Constructing multiple alignments
With only two closely related species in our set, we chose the Smith-Waterman [46] pairwise, gapped local alignment algorithm (implemented as BestFit in the Wisconsin Package Version 10.3, Accelrys Inc., San Diego, CA) to align their orthologous intergenic regions, using default parameters (match = 10.000; mismatch = -9.000; gap creation penalty = 50; gap extension penalty = 3). The alignment of E. coli and S. typhi orthologous upstream intergenic sequences resulted in 1662 unique aligned sequence pairs. The upstream intergenic sequences for an additional 836 E. coli genes that did not have orthologs in S. typhi remained. The combination of these two datasets (1662 + 836 = 2498) does not equal the above number of E. coli intergenic regions of interest (2379 sequences), due to the complication of divergently transcribed genes. Specifically, we observed that for some divergently transcribed genes in E. coli, the orthologous genes in S. typhi are not syntenic, thus S. typhi provided two separate intergenic regions for alignment to a single intergenic region of E. coli.

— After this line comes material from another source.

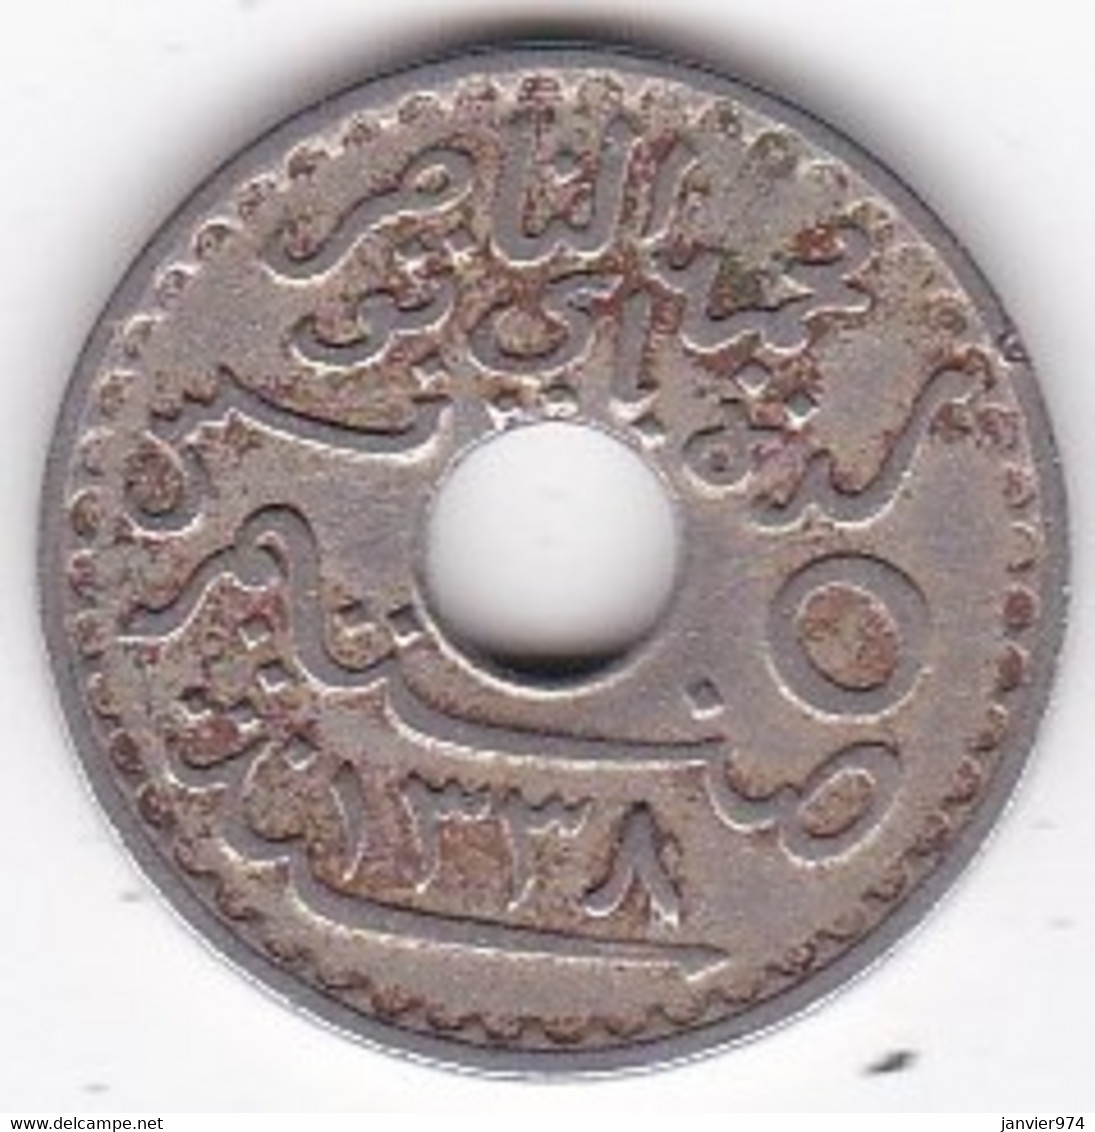 Protectorat Français . 5 Centimes 1920 HA 1338, Grand Module, En Frappe Monnaie En Cupro Nickel, Lec# 85 - Tunisie

To perform the real-data tests, three databases representing the reference species clade were generated for scanning: (1) a database containing the 2379 E. coli intergenic regions of interest, (2) a database containing only E. coli data ("E. coli reduced"), where 1662 E. coli intergenic regions have been reduced in sequence space by alignment with S. typhi orthologous data plus an additional 836 E. coli sequences for which there was no orthologous S. typhi data, and (3) a database containing 1662 E. coli-S. typhi aligned orthologous intergenic regions plus an additional 836 E. coli sequences for which there was no orthologous S. typhi data.

Producing a phylogenetic tree
We constructed the phylogenetic tree for the more complicated, synthetic sequence data set using 16S rRNA gene data via MUSCLE [30] and PHYLIP [31], scaling tree branch lengths up by a factor of 13.5, as described above – see Synthetic Sequence Data in the Results section. A tree constructed in this manner is not definitive but should be sufficient for use with PhyloScan.

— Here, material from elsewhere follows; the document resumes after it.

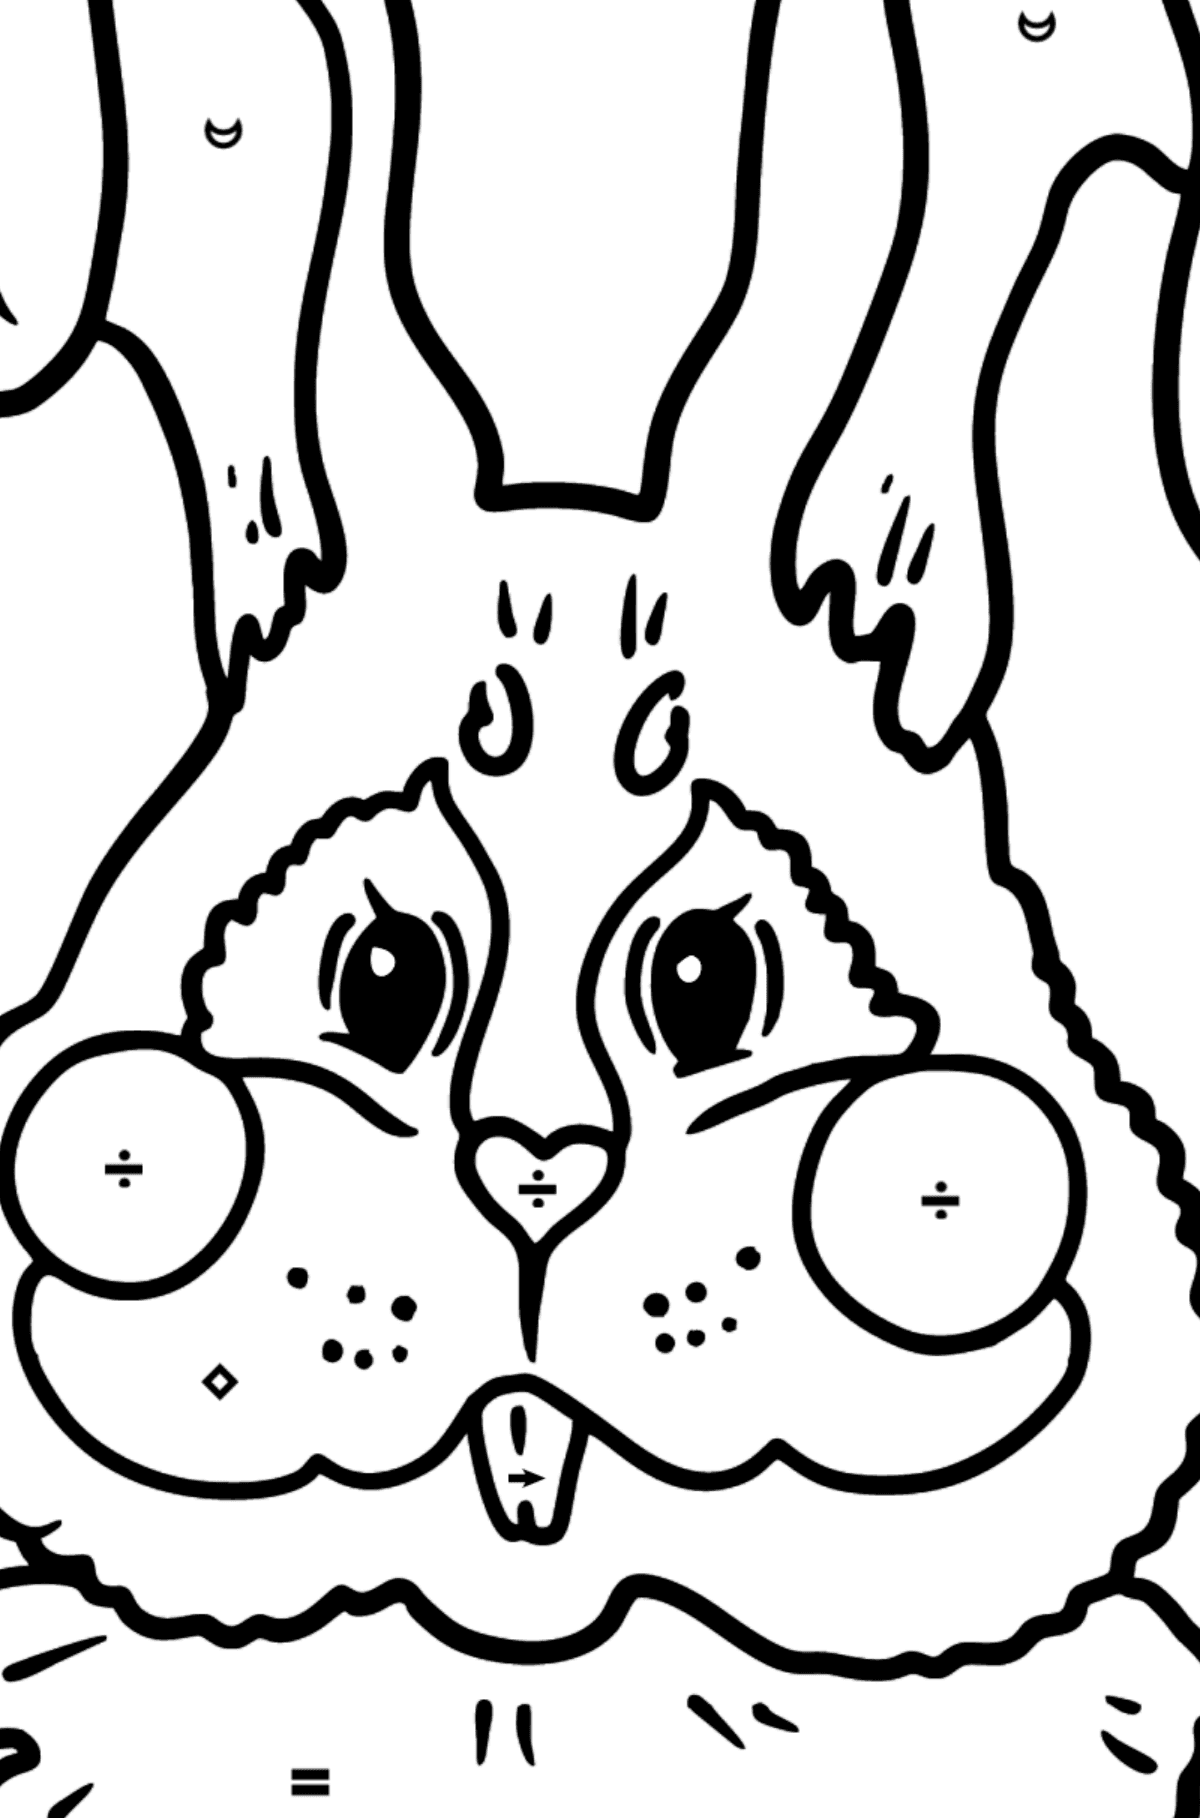 Tegning til fargelegging kanin snute - Fargelegge etter symboler for barn

Obtaining binding site motif models
E. coli Crp and PurR binding sites that have been experimentally identified by DNase I footprinting were extracted from the literature and available databases, RegulonDB [47] and DPInteract [48]. The 87 Crp sites (from 65 E. coli intergenic regions) and 22 PurR sites (from 20 E. coli intergenic regions), were aligned using the Gibbs Recursive Sampler [49] specifying palindromic models (total width of 16–24 bp), to generate a PurR motif (Figure 7) and a Crp motif (Figure 1). These figures show both the nucleotide equilibrium and the information content for each position of the motif [9].
Figure 7  PurR Binding Site Motif. Shown is the PurR motif used to scan for PurR binding sites. The binding site equilibria were calculated from sequence data aligned by the Gibbs Recursive Sampler [49], and were plotted using publicly available software [27].